Lately I have been overwhelmed with God's abundant love. I feel Him with me everywhere. I know relationships should never be based on feeling, but sometimes it's what I need. I truly believe for the first time, I'm starting to truly discover the Father's heart. I don't know, it's not really what I'm going to talk about through the rest of this post, but I just thought I'd share. :)
I was talking to the wisest woman I know this morning (my mom) and was telling her about some pretty exciting things that have entered my life over the last few weeks. Recently I had been feeling a little guilty for getting "out of the swing of things" over the last year or so. Meaning I wasn't as involved in church or with my friends from campus ministry. I tend to seclude myself when something is either not right or change is occurring. Mom really challenged me not to be bitter about the last year. Bitterness is something that I struggle with from time to time and praise God that He is helping me break free of that. She made a really good point to me while I was sitting in my car talking to her, (yes I sit in my car and talk on the phone, whether I'm driving or not), she challenged me to look back on the last year and see how my heart had changed. I've been sitting here for quite a while listing out things about me that are different. I was surprised at how many things are different! I won't share all of them, but there are a few in particular that I will write about.

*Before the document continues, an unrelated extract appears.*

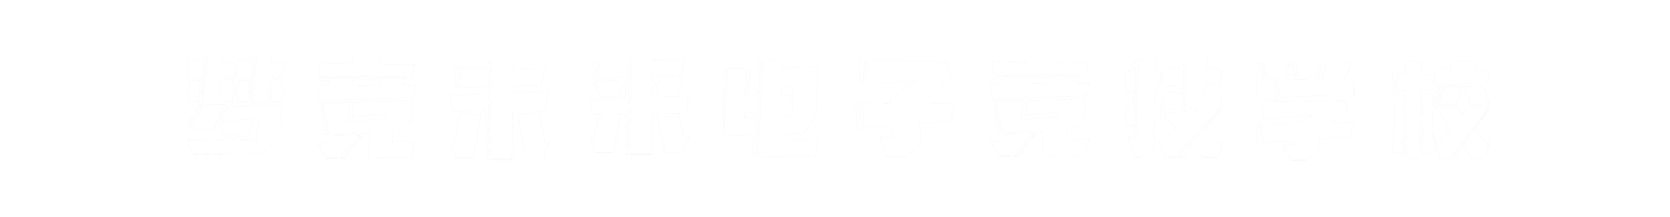 梦竞未来湖州banner字
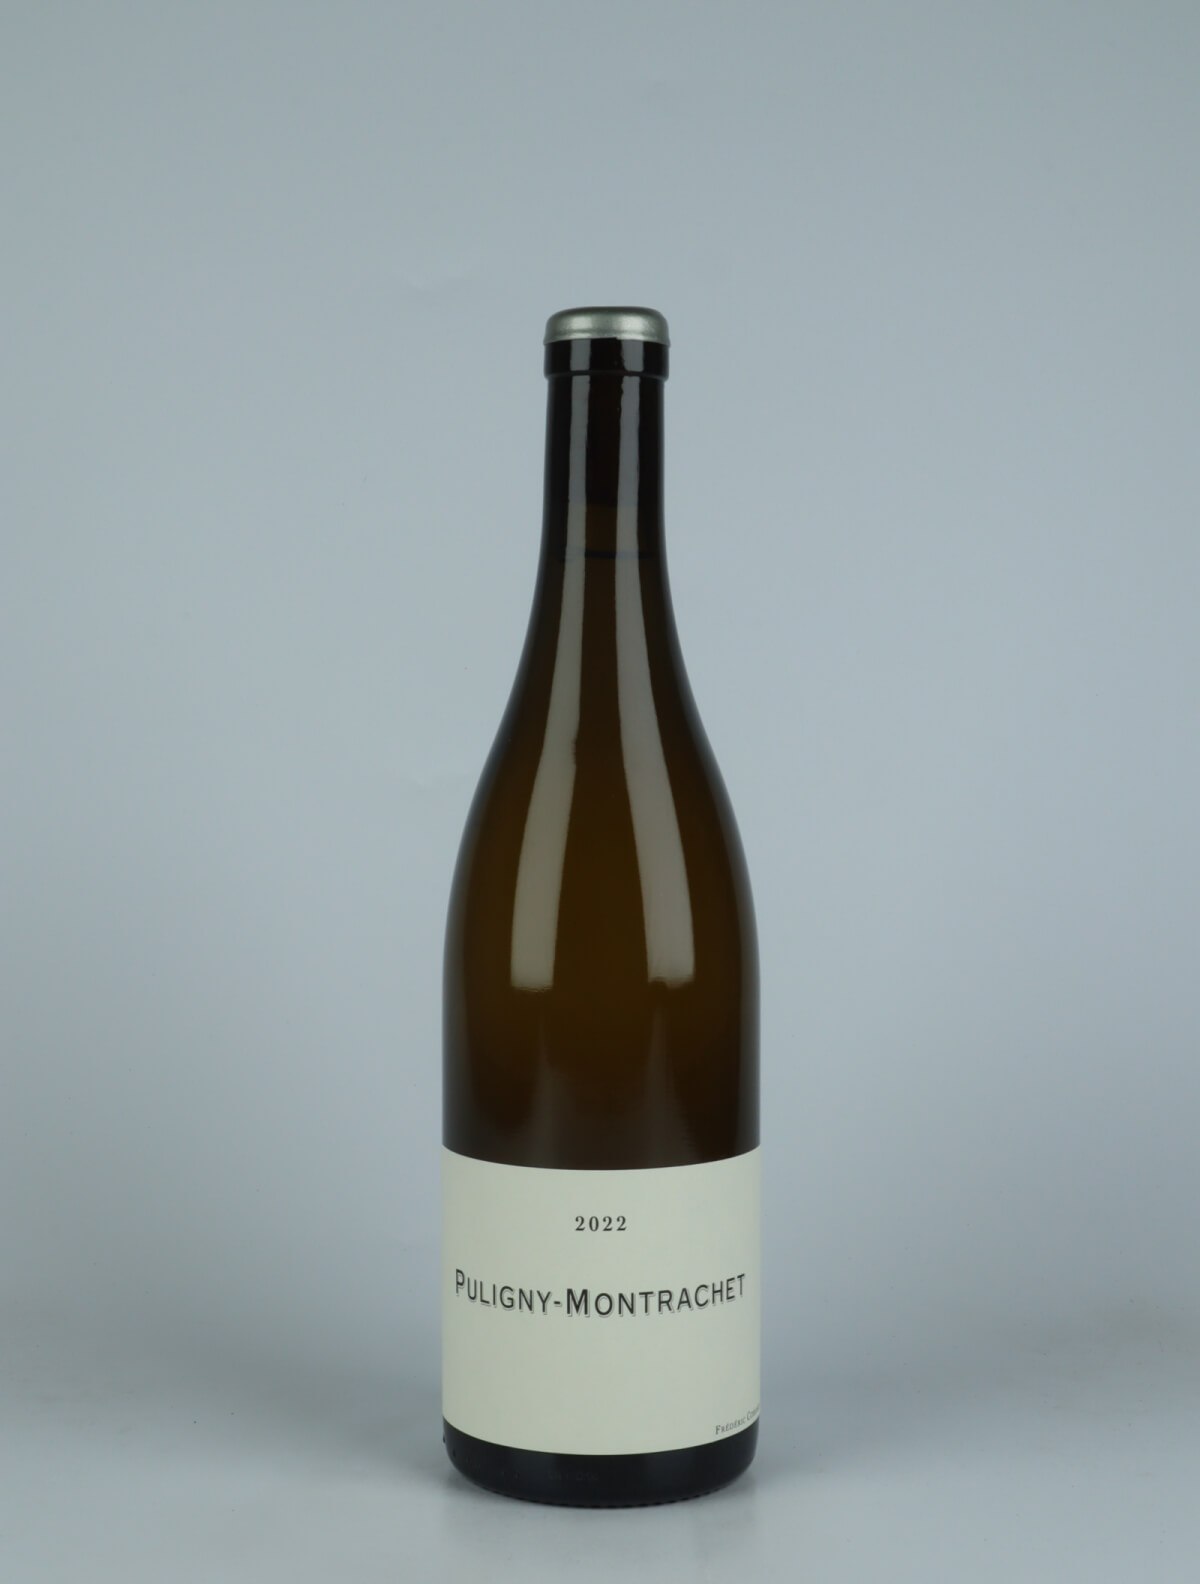 En flaske 2022 Puligny Montrachet Hvidvin fra Frédéric Cossard, Bourgogne i Frankrig

The biggest one is that a year ago, I thought I knew what I wanted in a spouse. Good gosh, looking back it's almost sickening with how shallow it was. It was based off pretty much looks, strength and career. Of course loving Jesus was on the list, but that was it. "Loving Jesus." There are many people that say they "love Jesus." God has taught me that there are greater things than that. I have gotten to the point (finally!!) where I'm just like, "God, take it." He really does know what He's doing. He has blown my mind these past few weeks with the little reminders of how He does have the perfect plan, and person, for me. I mean honestly, it's great if you're a gym rat and can tell me who won the super bowl 11 years ago, but in the long run who cares?! If I'm going to spend the rest of my life with somebody, the shallow things I wanted shouldn't even be close to the top of my list. Heck, I've pretty much eliminated them. So yes, that was a big one. God kindly showed me His heart during the little bit of struggle that I went through. He wants me to be cherished and challenged. I think a lot of girls feel unworthy of a man who values her heart and challenges her to fall more in love with Christ daily. I did for a while, but now I realize that God's desire is for us to be cherished and challenged in every way, because He cherishes us. :)
I was reminded of a really cool thing about God. He is my friend. :) "For since our friendship with God was restored by the death of his Son while we were still his enemies, we will certainly be saved through the life of his Son." Romans 5:10 (NLT)
I'm starting to realize what it means to be God's friend. Yes, God has authority over our lives and we should obey Him but He is also our friend. He wants to hang out just like somebody would hang out with their best friend. So, recently I've had some pretty humorous conversations with God. It's neat to step out of the box that we have always put God in and see Him for who He really is.
I guess at the beginning when I said the Father's Heart really wasn't what I was going to talk about, I was lying. My bad. That's exactly what I just talked about. :)
On a completely different note: I finally gave in and paid 50 bucks for a group fitness class at the gym. I'm one of those people that doesn't play around with money. Actually one of my worst faults is being too tight with money. You better believe that I am going to get every dime I possibly can out of this pass. I've had it for three days. Oh. My. Gosh. Just when I had confidence in "being in shape," I got pushed right back down! haha! :) It's been fun! I have learned a few things over the last 3 days of first experiences with group fitness:
1. It is possible to be so sore that you feel like your muscles are going to snap like rubber bands.
2. Step Aerobics is from the devil.
3. 8 minute abs is a walk in the park compared to the size 2 lady with the microphone up front.
4. Moving around vigorously for 50 minutes is a lot harder than it sounds.
5. I am out of shape.
Oh yes, one more thing. PACKERS WON THE SUPER BOWL!!! I called it since the playoffs started! It's all because 2 former Pirates are on the team. Ok, it not really, but I'm still extra proud! :)
Maybe next year my Panthers will finally win it.... :D
2 comments:
Sarah, You have such a beautiful heart. I am reminded of Job 32:8-9, "But there is a spirit within people, the breath of the Almighty within them, that makes them intelligent. Sometimes the elders are not wise." Next to that I wrote "It's God's Spirit and our capacity to receive and be instructed by it that makes us wise - not our age." You got it goin' on, girl!
p.s. I thought of you when I saw this today.
http://www.susiedavis.org/2011/02/everyday-beauty/
Thanks so much for your encouragement! You'll never know how much it means to me! :) Sorry it took so long to reply, I thought I had already commented!